I am angry today. Actually, I am pissed! Admittedly, it is not just today, though. It has been many days for much of my life about the same issue. But lately, and especially this week, I am angry to my core. It is sad to say that it speaks of my very essence in this moment. I know this, am clear about it, and am working on it. I am told I am a green chakra, the heart chakra. Perhaps this is why I feel so deeply about what has been going on with race relations in this country. I am sure it is why I feel deeply .
I agree that guns are not THE problem. Bottom line is that an absence of love is the “soul” root of it. However, guns and gun attitudes are a contributor to the problem. How to solve this, the conundrum. On a related note, I do think if you have actual amorous feelings for your lethal weapon of choice, and/or you think it is actually an ANSWER to what is going on, then there is something wrong in your head. If you read that last statement to mean that I am against guns for self-protection, I suggest you get out of the head I was speaking of and re-read it. Do not bother arguing with me on this because I am not wrong, and there is no way to prove otherwise, so do not send me your manipulated stats or stories to prove something to me. The only thing that will prove is that you are still missing the point.
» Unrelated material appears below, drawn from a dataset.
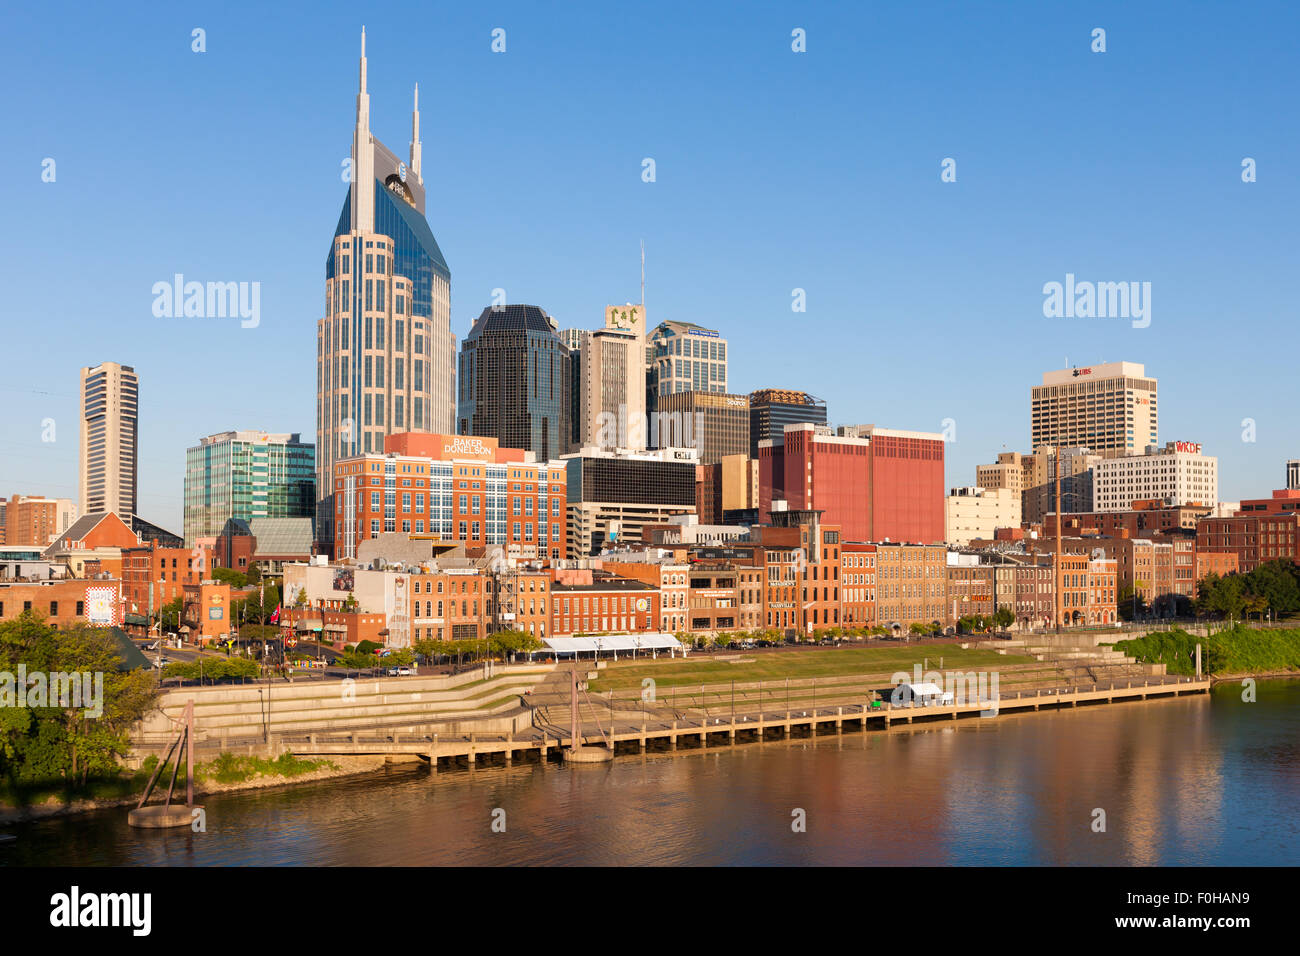 An early morning view of the skyline of Nashville, Tennessee from the East Bank of the Cumberland River. Stock Photo
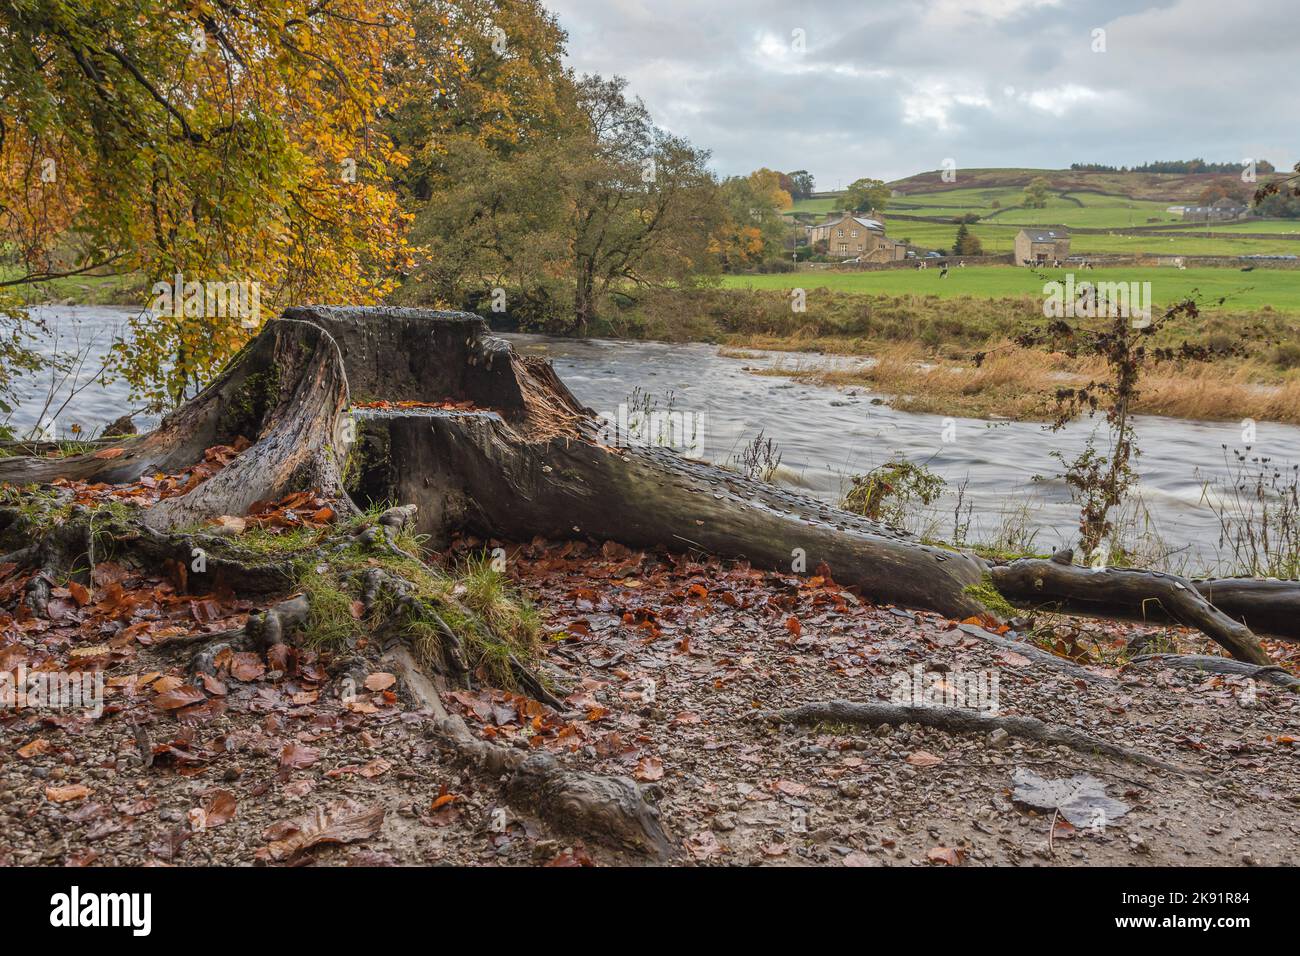 A seat made from an old tree stump seen covered in coins on the side of the River Wharfe at Hebden. Stock Photo

Oh, and by the way, just because someone chooses not to own a gun does not make them a “pussy,” as a few of you have so eloquently put it! If a person is not comfortable with a lethal weapon, then they should not have one. Shut the hell up with that, seriously. Guns are NOT for everyone… as evidenced by every other day on the news! Here is another thing on that note to shut the hell up about: it being a liberal agenda.
If you are sick and tired of me being on my soapbox about the gun issue, or about the way people of color are seen and treated, whether friend or family, say goodbye to me now, because I will not sit down and be quiet.
If red-headed, freckled, or blonde and blue-eyed, or people that look like me (white, brunette with brown eyes) were being marginalized — or worse — were being TARGETED for slaughter (YES, SLAUGHTER!), would you still be sitting quietly? Would you still be rolling your eyes at me if these people being assassinated, murdered, looked like your very own children??? This is the world I have had to bring my children up in, and that my children will have to bring their children up in. I had hoped for so much more! And if you still cannot seem to align your conscience with this, consider that it is the same world you are bringing your white children up in. Hello! The huge difference is that some of these people have targets on them. Would you feel differently then? What if it was YOUR sweet little seven year old blonde daughter… your 87 year old grandfather… your favorite red-headed Irish pastor… your young up-and-coming cousin… the single mom next door…? See? THAT difference of reaction is an ABSENCE of love at its core! And I CANNOT tolerate it and neither should you! I’m so SICK of the apathy. As I stated in a previous post:
Your disinterest in what I have to say, your scoffing at my personhood and my knowledge and feelings, your racial brush-off to me translates that you think that somehow my children are less important to me than your children are to you.
And I will add to that to be even more clear: Not only is there a disconnect in that some do not comprehend in real-time how important my children are to me, but the really scary part is that my children’s value is MADE less because they do not look like them, because they are black. Their lives are not as valued. (And, yes, literally my children are biracial. No need to attempt to make a point with that here. Truth is, when my children walk out my door, the world sees a black person. And even if they were able to see a biracial or multiracial person, they would still marginalize them because of it. Because… not white.
My oldest (“Sweet”) shortly before he got promoted to big brother in 1989. Then, I had hopef thst the world would be a kinder, more fair place for him. Still hoping.
The very same people who were up in arms over Sandy Hook or the Colorado movie theater slaughter (rightfully so) are now silent about the Charleston 9 terrorist attack, and it is noticeable. So I do not think it is only the terrorists in these incidents whose heads need to be examined. Further, it is not just a problem in the head, it is a heart condition, a sick soul condition in mankind. I cannot say “in humanity ” because sometimes I feel I can barely sense its existence.
So if you now find yourself annoyed with me over this, I label you as having also a listening problem and incapable of examining yourself and how your very own attitude actually plays a role in this soul sickness. Another label. No one likes them.
Yeah, I am BEYOND angry. Fed up. In fact, for once, I cannot even find that single adjective to describe my feelings. What I recognize is I am struggling with anger and do not like it, and that I will no longer participate with others in stifling myself.
I have some work to do. I hope you recognize what there is for you to do.